2. Representations and Warranties of Guarantor. Guarantor represents and warrants to Bank as of the date of this Agreement that:

(a) Guarantor is a corporation duly organized, validly existing and in good standing under the laws of the State of Maryland, is duly qualified and in good standing to conduct business in those jurisdictions in which its ownership of property or the conduct of its business requires such qualification, and has the requisite power and authority to make and perform this Guaranty;

(b) This Guaranty has been duly authorized, executed and delivered by Guarantor and such execution and delivery and the performance by Guarantor of its obligations hereunder will not violate any applicable provision of law or any rule, regulation, order, writ, judgment, injunction, decree, determination or award applicable to Guarantor nor conflict with or constitute a breach of or a default under the certificate of incorporation or by-laws of Guarantor or any instrument to which Guarantor is a party or by which Guarantor or Guarantor’s property is bound, and this Guaranty is a valid and binding obligation of Guarantor enforceable in accordance with its terms;

(c) There is no litigation, proceeding or investigation pending or, to the knowledge of Guarantor, threatened against Guarantor, or against any of its properties or revenues, as to which there is a reasonable likelihood of an adverse determination and which if adversely determined, would have or constitute a Material Adverse Effect, and Guarantor is not in violation in any material respect of any statute, rule, order or regulation of any governmental body applicable to Guarantor which individually or collectively could have or constitute a Material Adverse Effect, except for notices of violations received in the ordinary course of business which Guarantor is diligently proceeding in good faith and in full compliance with all Requirements of Law to remove or correct;

(d) The consolidated and consolidating financial statements of Guarantor as of December 31, 2010 are complete and correct, were prepared in accordance with generally accepted accounting principles consistently applied and fairly set forth the financial condition of Guarantor and its Subsidiaries as of the date thereof and the results of Guarantor’s operations for the period covered thereby; and there has occurred no material adverse change in the financial condition of Guarantor as shown thereon since the date thereof, except such changes as have been heretofore disclosed to Bank in writing; and



(e) Guarantor has filed all income tax returns and all other material tax returns required to be filed by it and has paid all taxes due pursuant to such returns or pursuant to any assessments received by it.

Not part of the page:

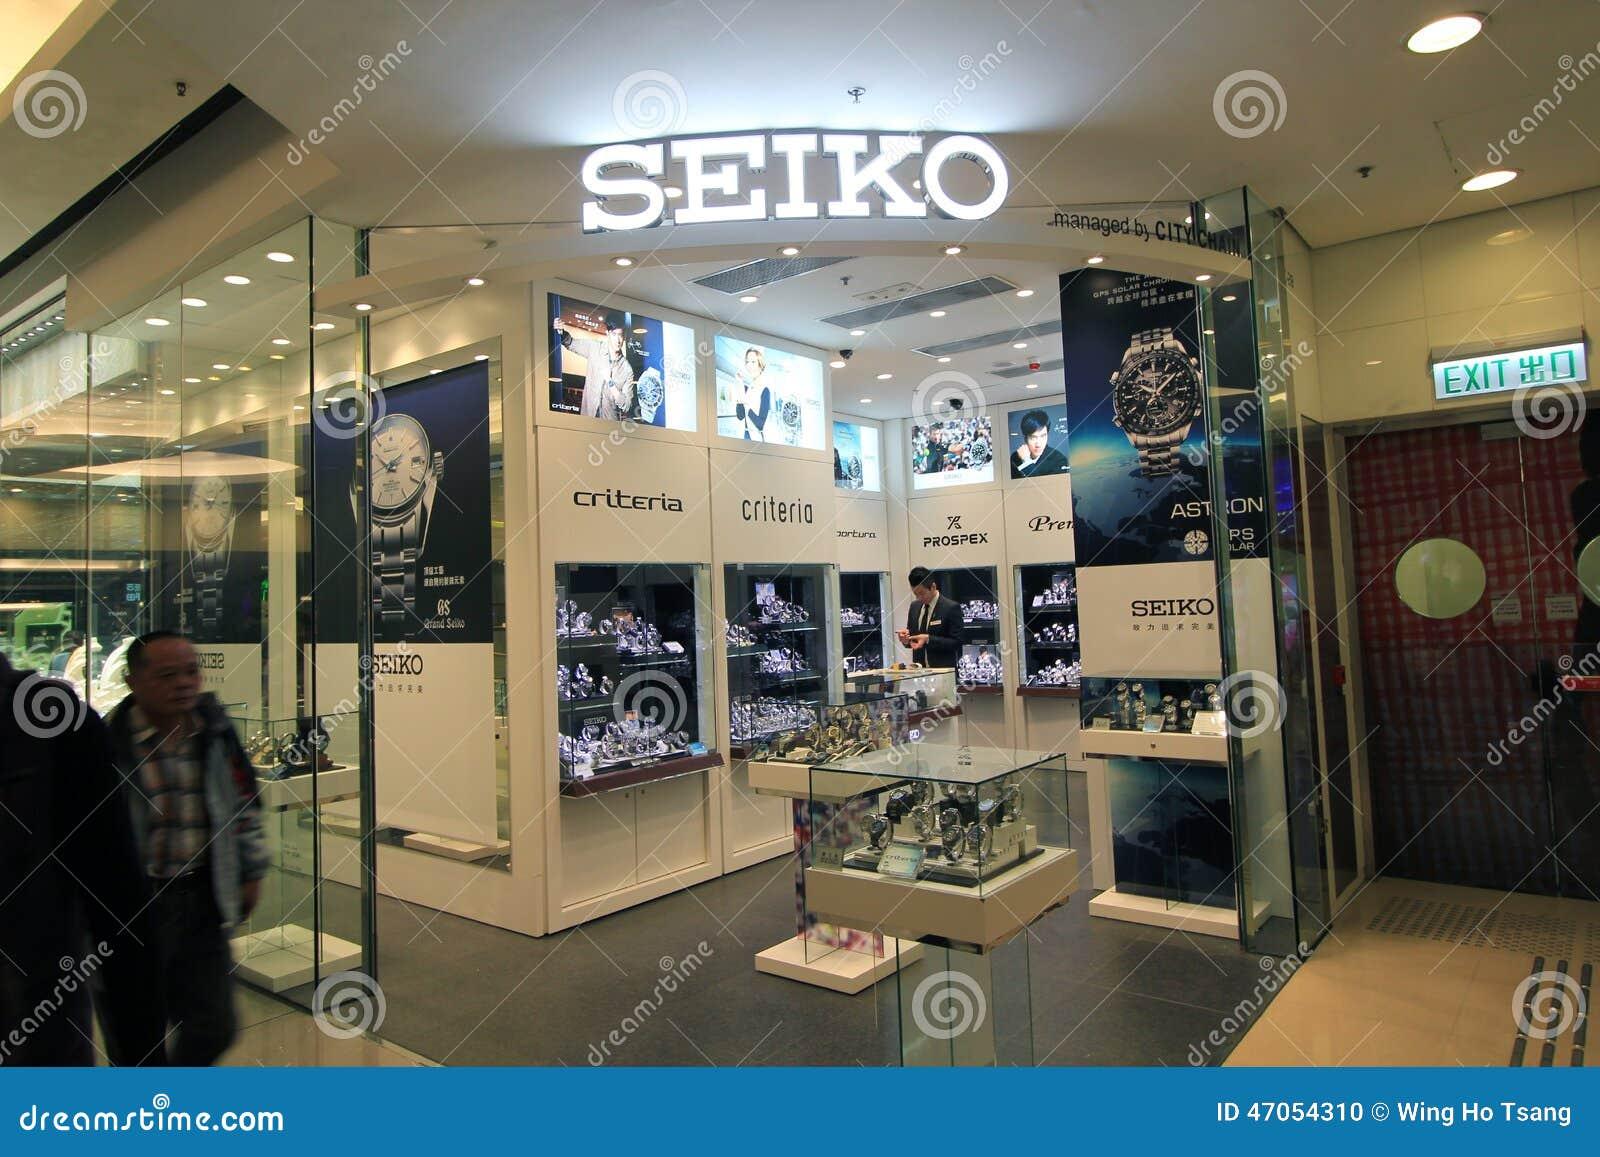 Seiko-Shop in Hong Kong

3. Affirmative Covenants. Guarantor covenants and agrees that so long as any Obligations are outstanding and unpaid, or not fully performed, and, except to the extent Bank shall otherwise consent in writing, Guarantor will:

(a) Comply in all material respects with all Requirements of Law applicable to its business, operations or facilities the noncompliance with which would have or constitute a Material Adverse Effect, except for any such laws, rules, regulations and orders which it is contesting in good faith by appropriate proceedings;

(b) Notify Bank in writing immediately upon the occurrence of any Event of Default hereunder or any default or event of default under any other agreement or instrument of debt of Guarantor or any litigation or proceeding which, if adversely determined, could have or constitute a Material Adverse Effect or any other event which has had or constitutes a Material Adverse Effect;

(c) Furnish or cause to be furnished to Bank the financial statements and other information required by the Reimbursement Agreement;

(d) Permit any of the officers or authorized employees or representatives of Bank to visit and inspect during normal business hours any of its properties and to examine and make excerpts from its books and records, except to the extent Guarantor is precluded by any Requirement of Law from disclosing any such information, and to discuss its business affairs, finances and accounts with any of its officers, all in such detail and at such times and as often as Bank may reasonably request, provided that Bank shall provide it with reasonable notice prior to any visit or inspection;

(e) Furnish Bank with prompt and detailed notice of any event which has or may have or constitutes a Material Adverse Effect; and

(f) (i) Maintain a Consolidated Net Worth of at least $100,000,000, as of the last day of each fiscal quarter of Guarantor, starting with the fiscal quarter ending December 31, 2013.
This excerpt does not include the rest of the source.